Welling eyes involuntarily yield droplets of semi-frozen liquid, cascading down bare cheeks, descending rapidly in a semicircle before dropping into the wind. The flowing wetness brings forth lost emotion as tears of hardship, tears of trial and tribulation, tears of triumph over despair.
Those forced tears of winter cycling draw attention to one’s corporeality. Sudden awareness of a heart pumping in a broadened chest, legs churning in infinite circles, fingers gripping hardened steel. All reminders of mortality.
Winter riding compels one to challenge the elements. It requires quickness, agility, fortitude. And the bicycle trudges along. Snow crunching under slipping wheels, rubber squeaking, squealing on icy puddles.
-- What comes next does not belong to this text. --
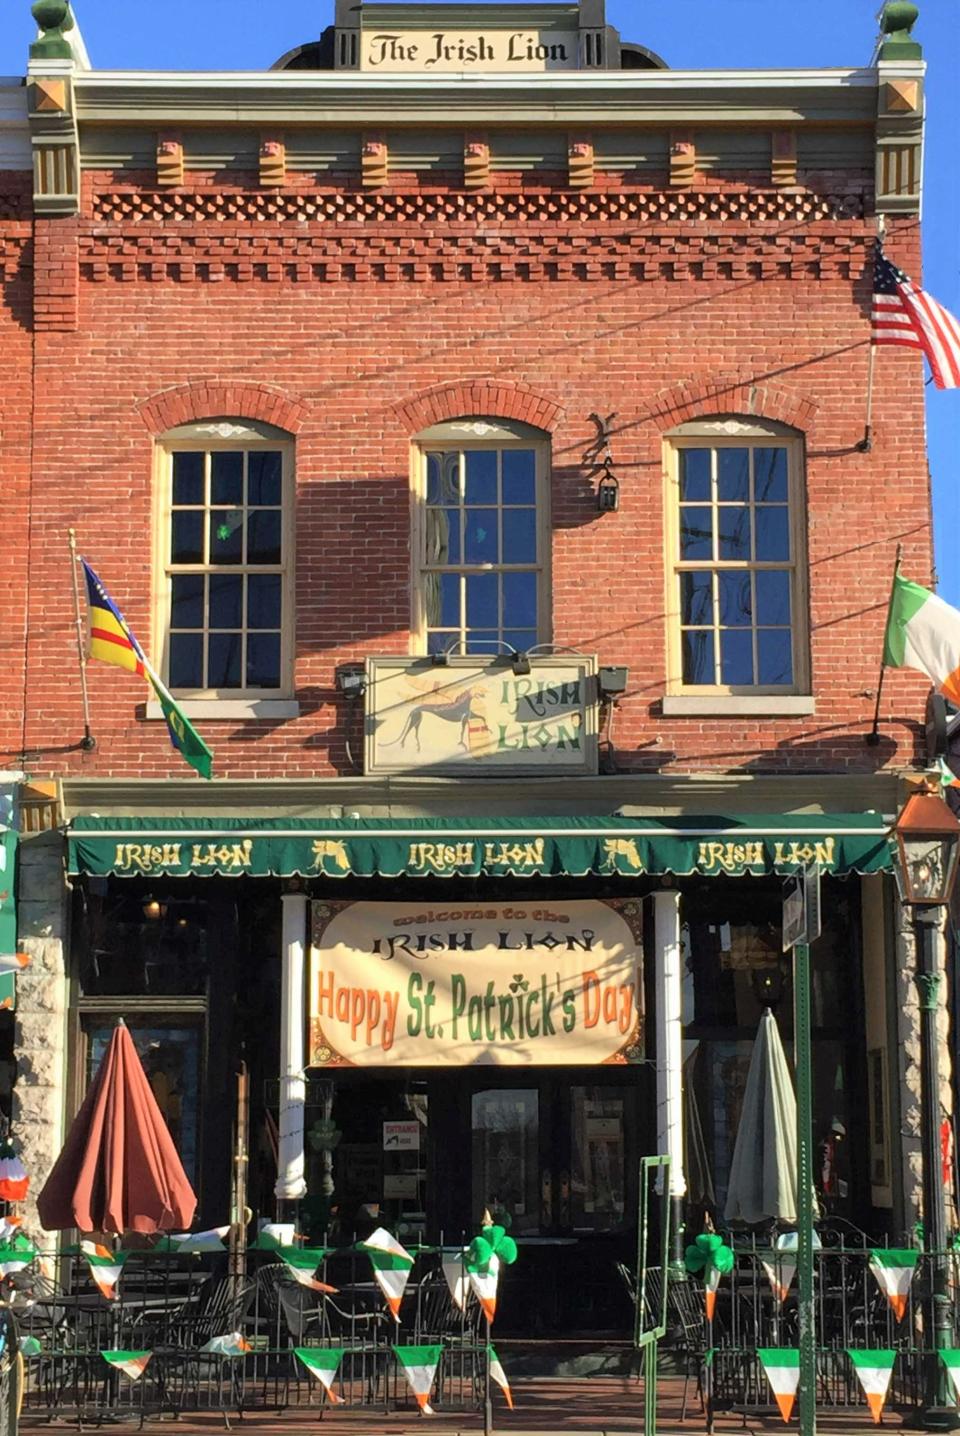 Irish Lion Restaurant and Pub will be celebrating St. Patrick's Day on Thursday, but there will be no reservations taken for that day.

The brisk wind whips unbridled hair while penetrating chills slice through thick layers of clothing.
Hands charge out front, bravely facing frigid wind, growing more rigid by the minute. Shaking out hands, wiggling fingers, searching for one drop of blood to carry warmth to throbbing fingertips. Muscles protest the force of motion. Joints ache and grind while puffs of smoke escape a mouth warm with saliva as arctic air insults a throat increasingly dried with each labored breath.
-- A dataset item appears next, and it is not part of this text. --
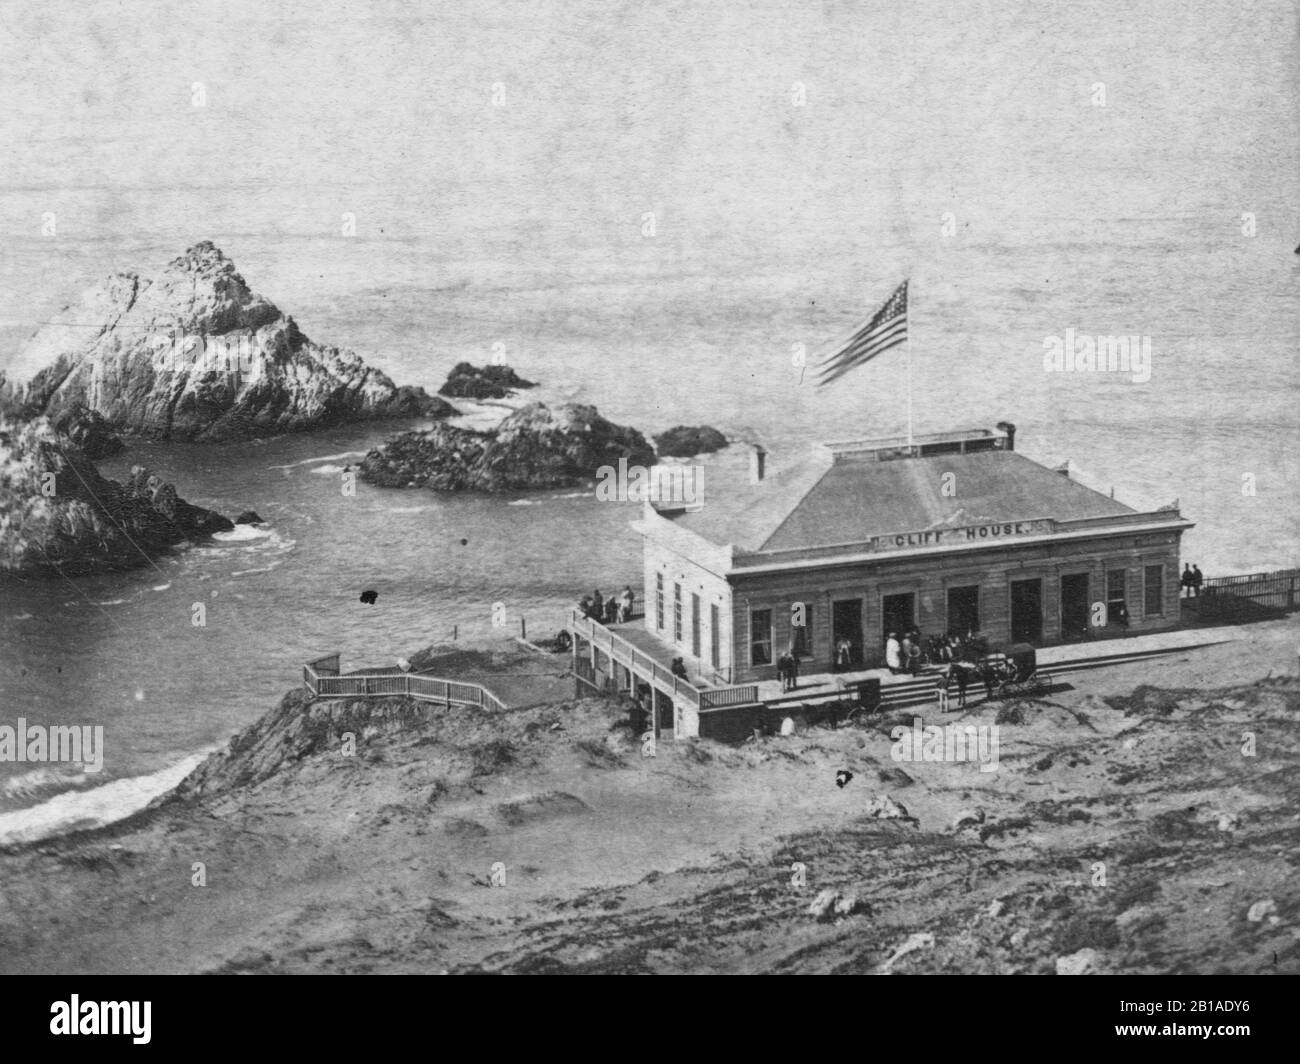 Cliff House, San Francisco, California, USA, 1870s. This is the second building of this name, built in 1863. Since this second house, the Cliff House has been rebuilt four more times over the last 150 years. This house has been a big tourist attraction since early on. The first ever ship-to-shore Morse Code transmission was received in this house in 1899.   To see my other Places-related vintage images, Search:  Prestor  vintage  places  west Stock Photo

Nose hairs, whiskers and eyelashes cultivate crusted icy particles. Toes lose sensation as feet grow numb with pedaling: too much like pushing lead weights against unrelenting stone. Propelling a heavy rolling steed through a glacial ambiance knowing that warmth waits ahead with just a few more strokes, and a few more dreaded inflexible bumps sending shocks through taut limbs. Such trials renew the tears of winter cycling. And the cycle of weeping begins again.